● **Task goal**
Each line of the material must be repeated precisely, with the pictures left out.

● **The data**
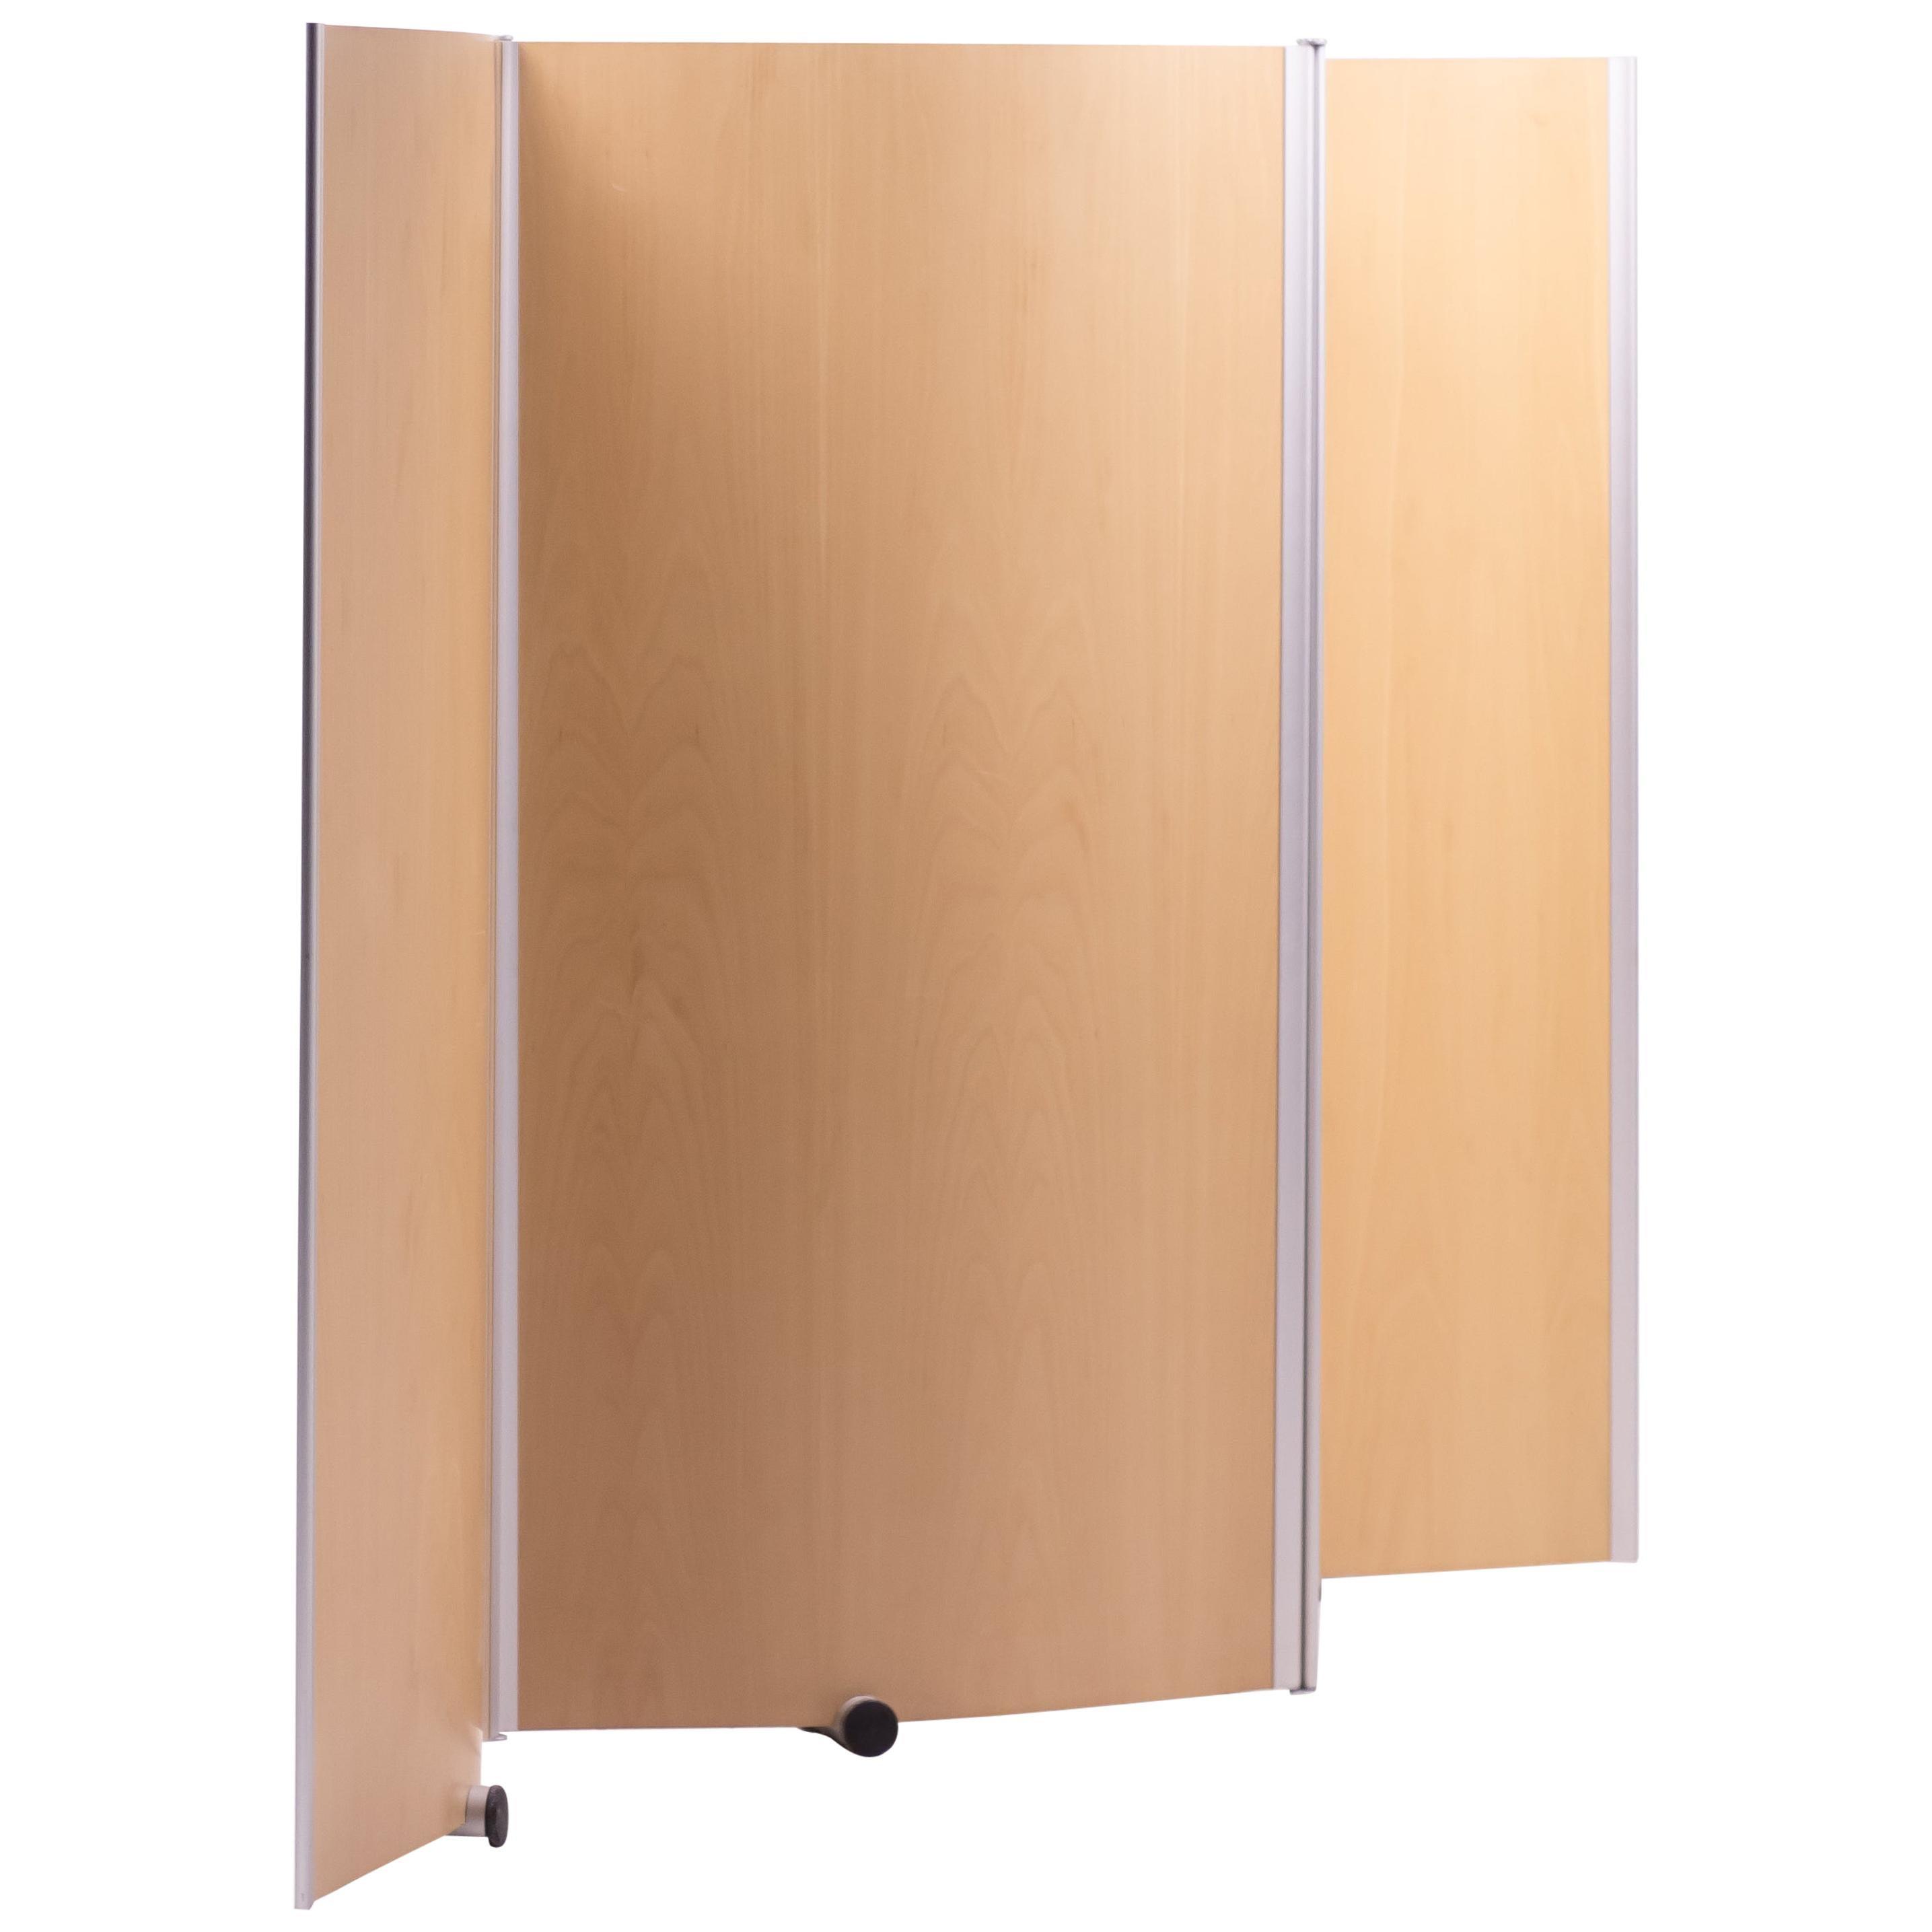 Rare Large Plywood Screen by Studio Pelikan
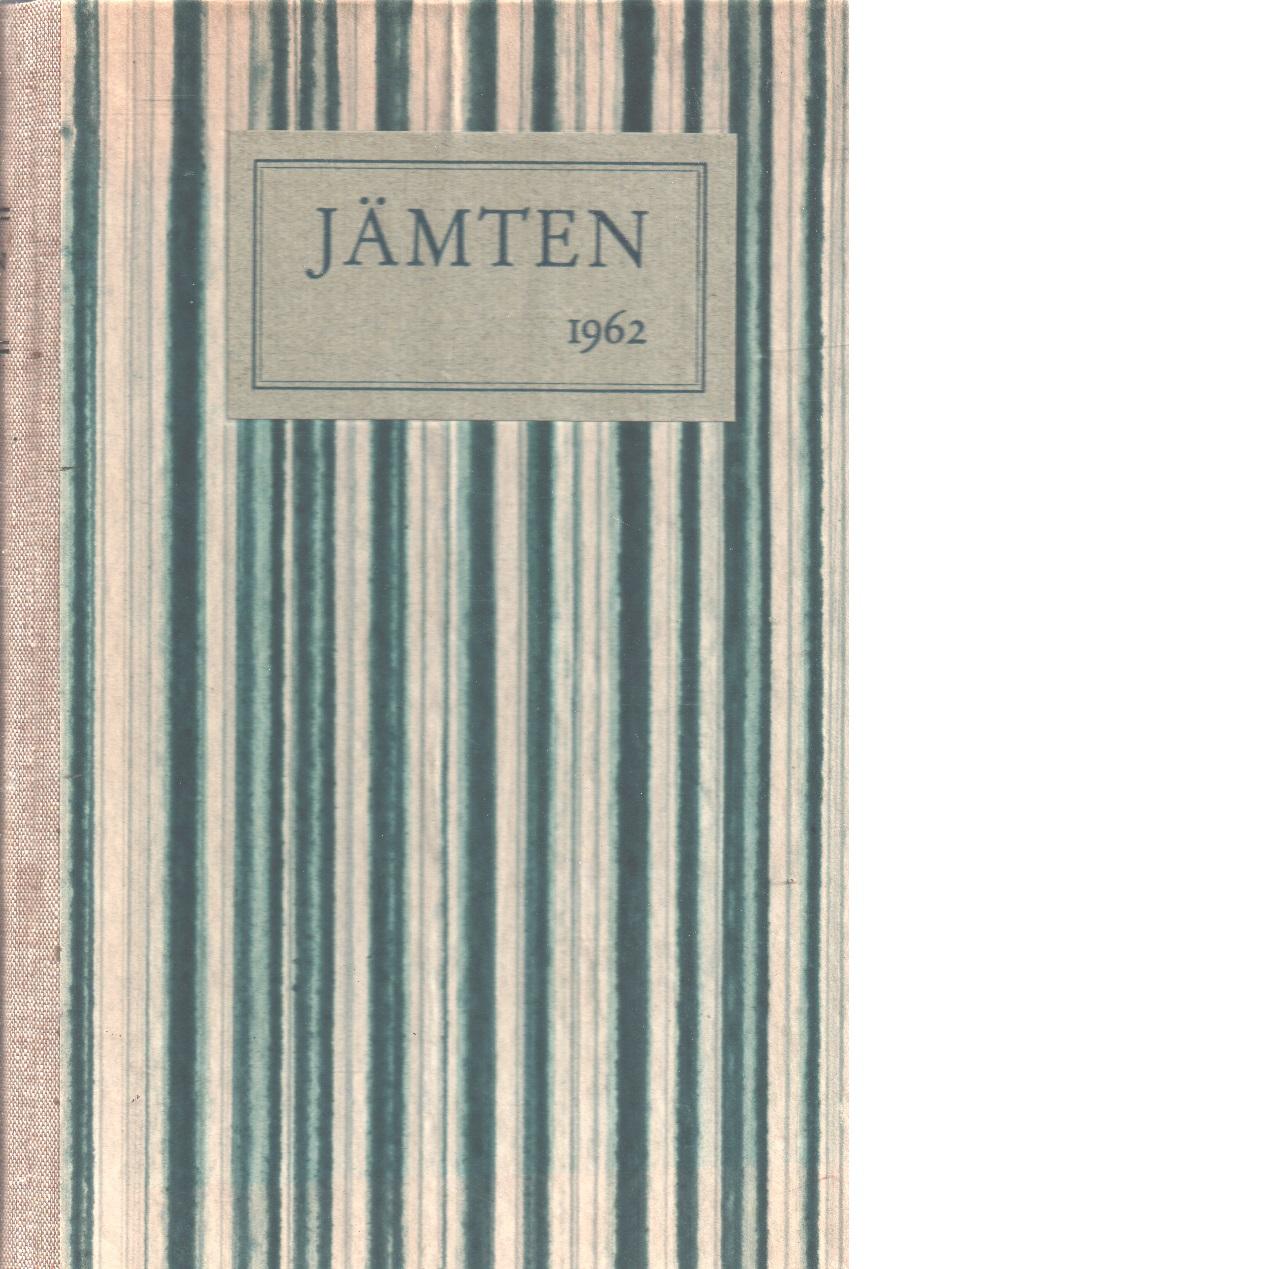 Jämten 1962 - Björkquist, Lennart
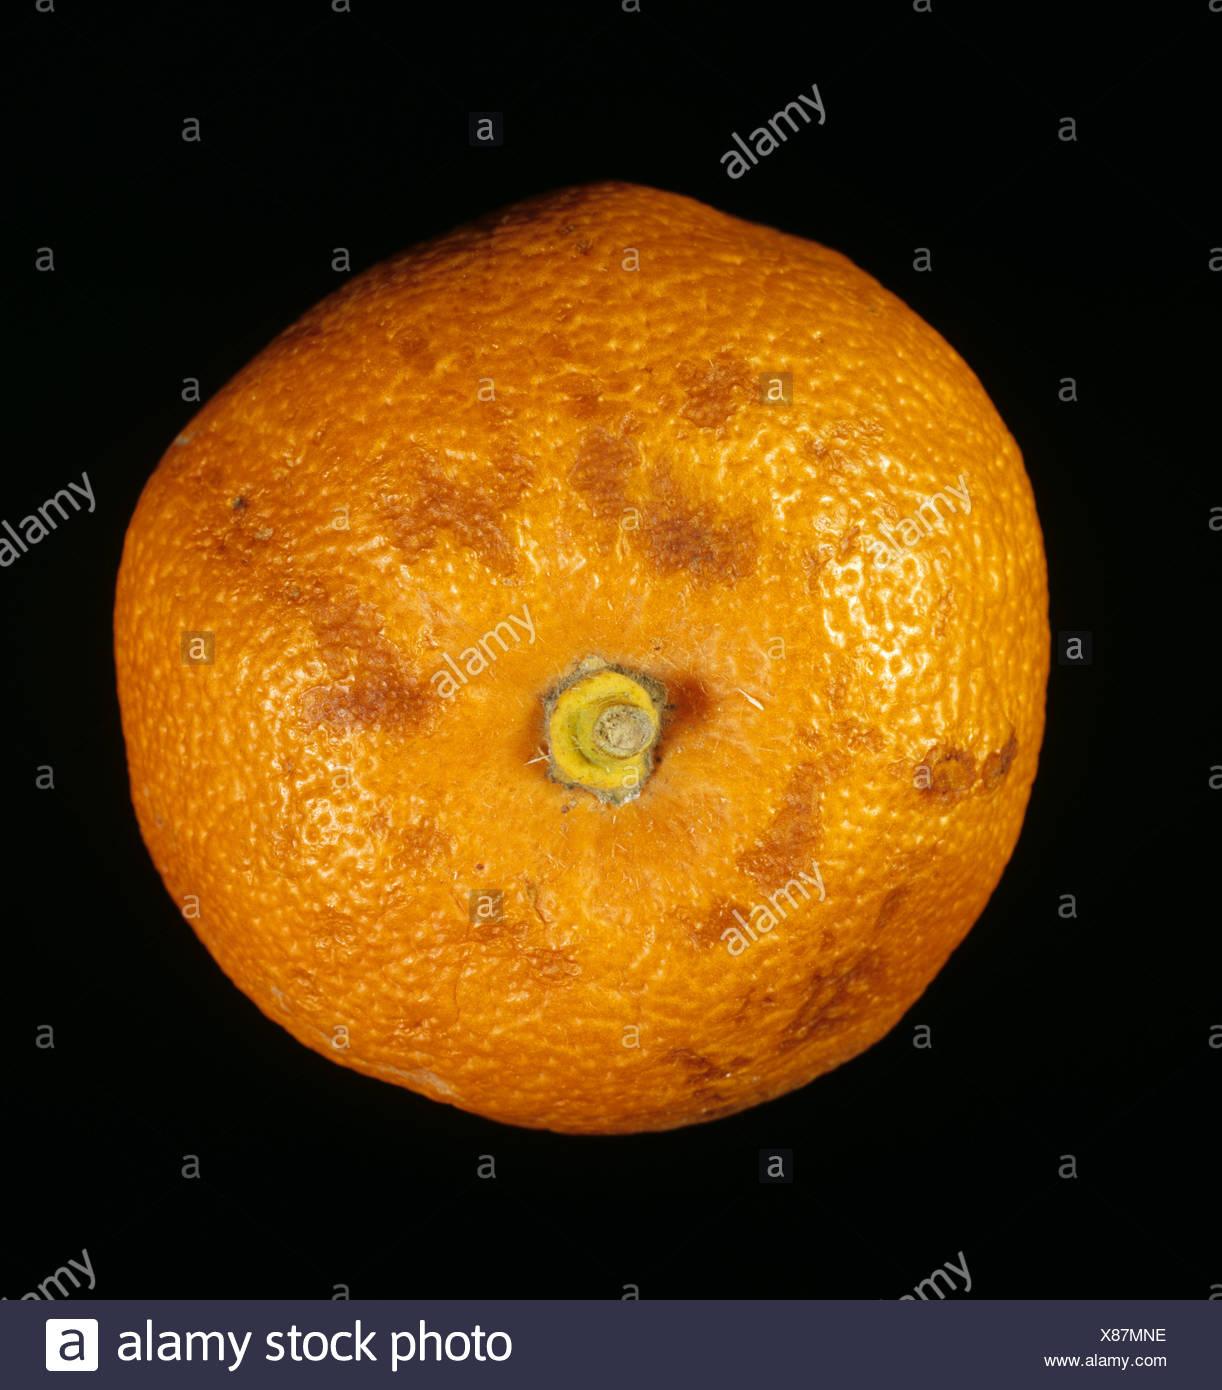 Contrassegni su orange causato da lesioni a freddo e basse temperature in negozio Foto Stock
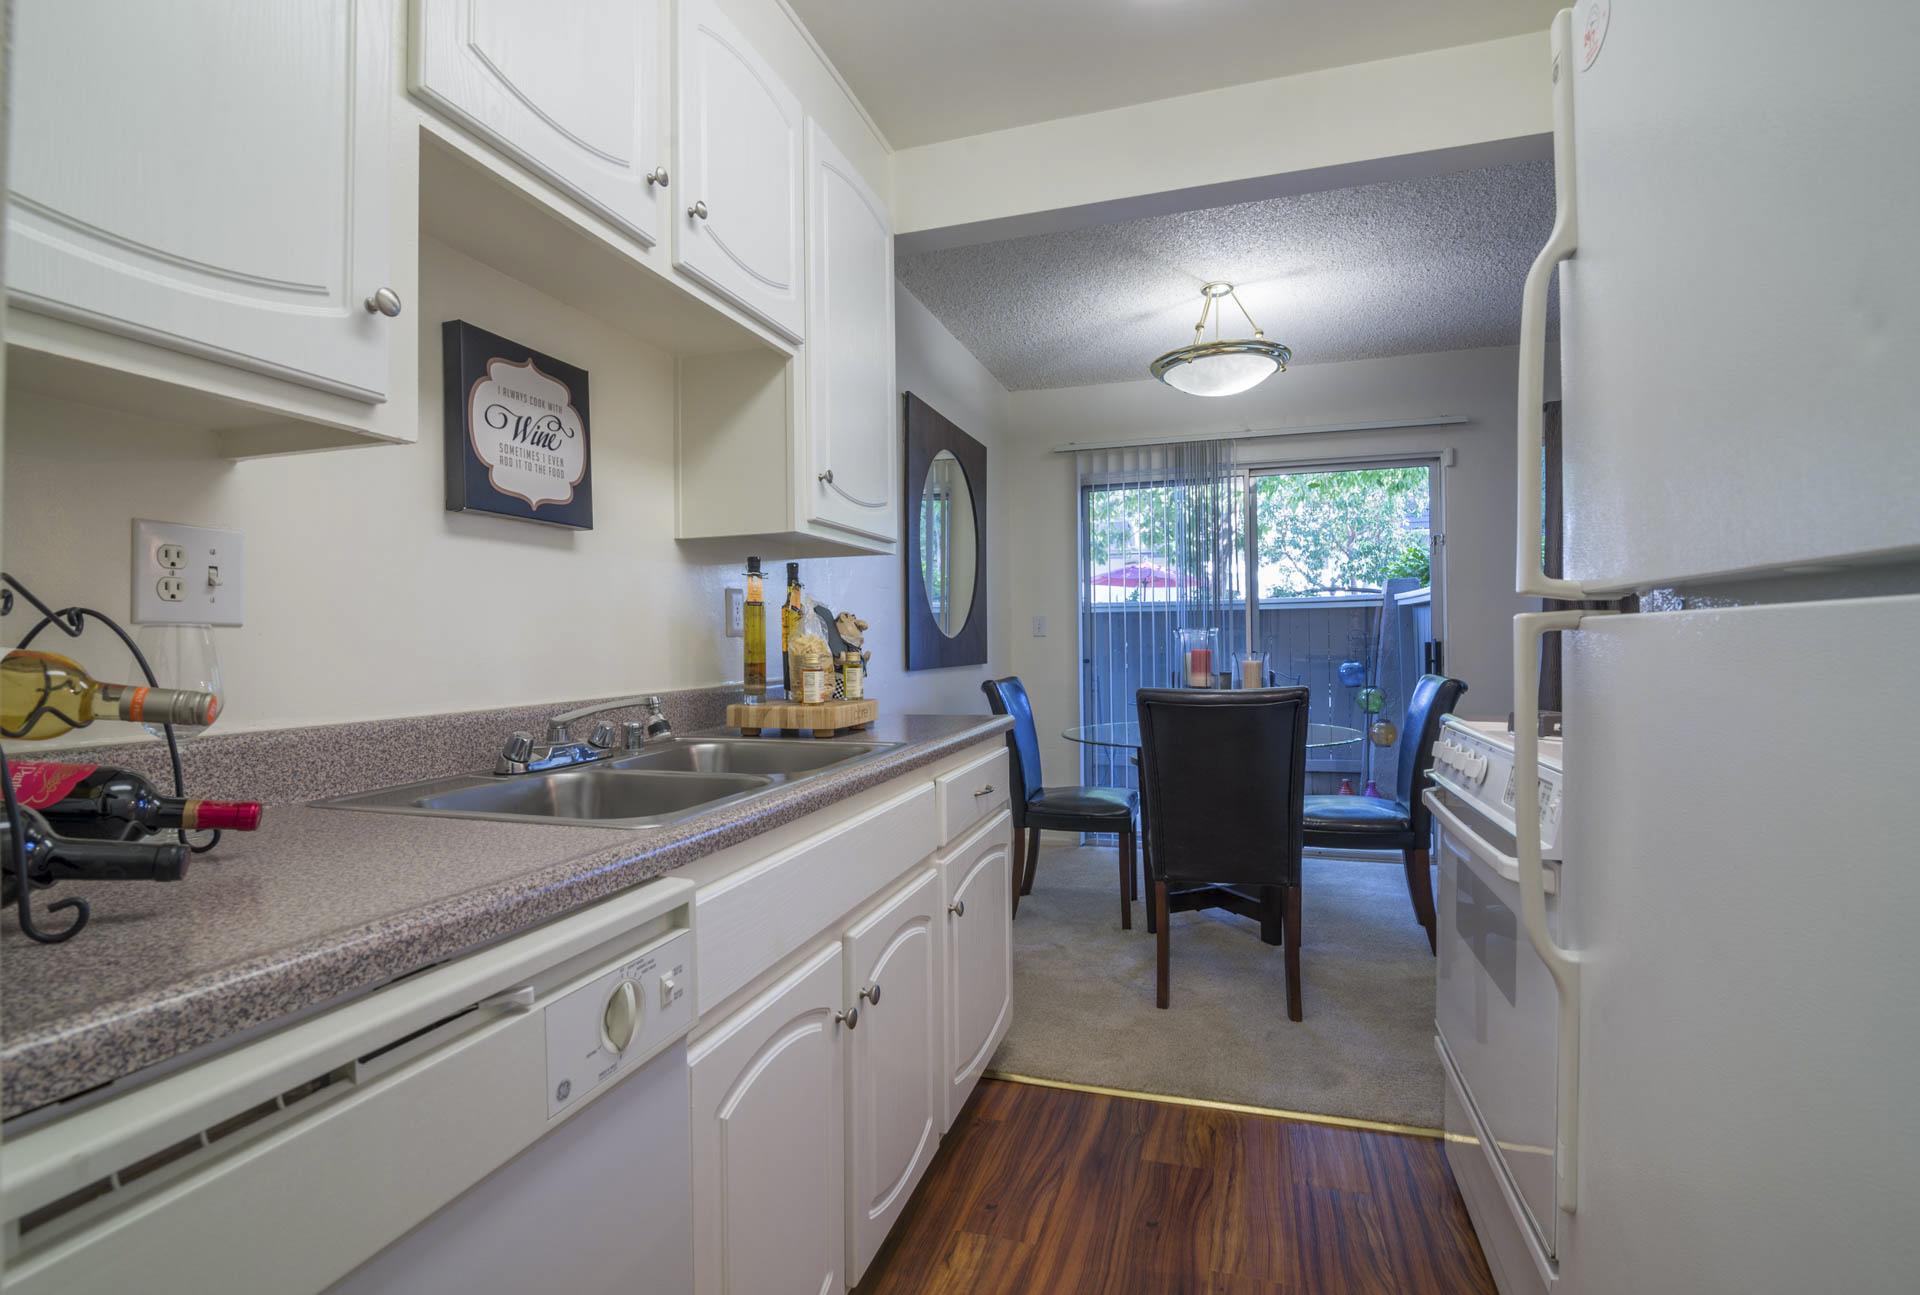 Hillcrest Park - Newbury Park, CA Apartments for rent

● **Answer below**
 Rare Large Plywood Screen by Studio Pelikan
 Jämten 1962 - Björkquist, Lennart
 Contrassegni su orange causato da lesioni a freddo e basse temperature in negozio Foto Stock
 Hillcrest Park - Newbury Park, CA Apartments for rent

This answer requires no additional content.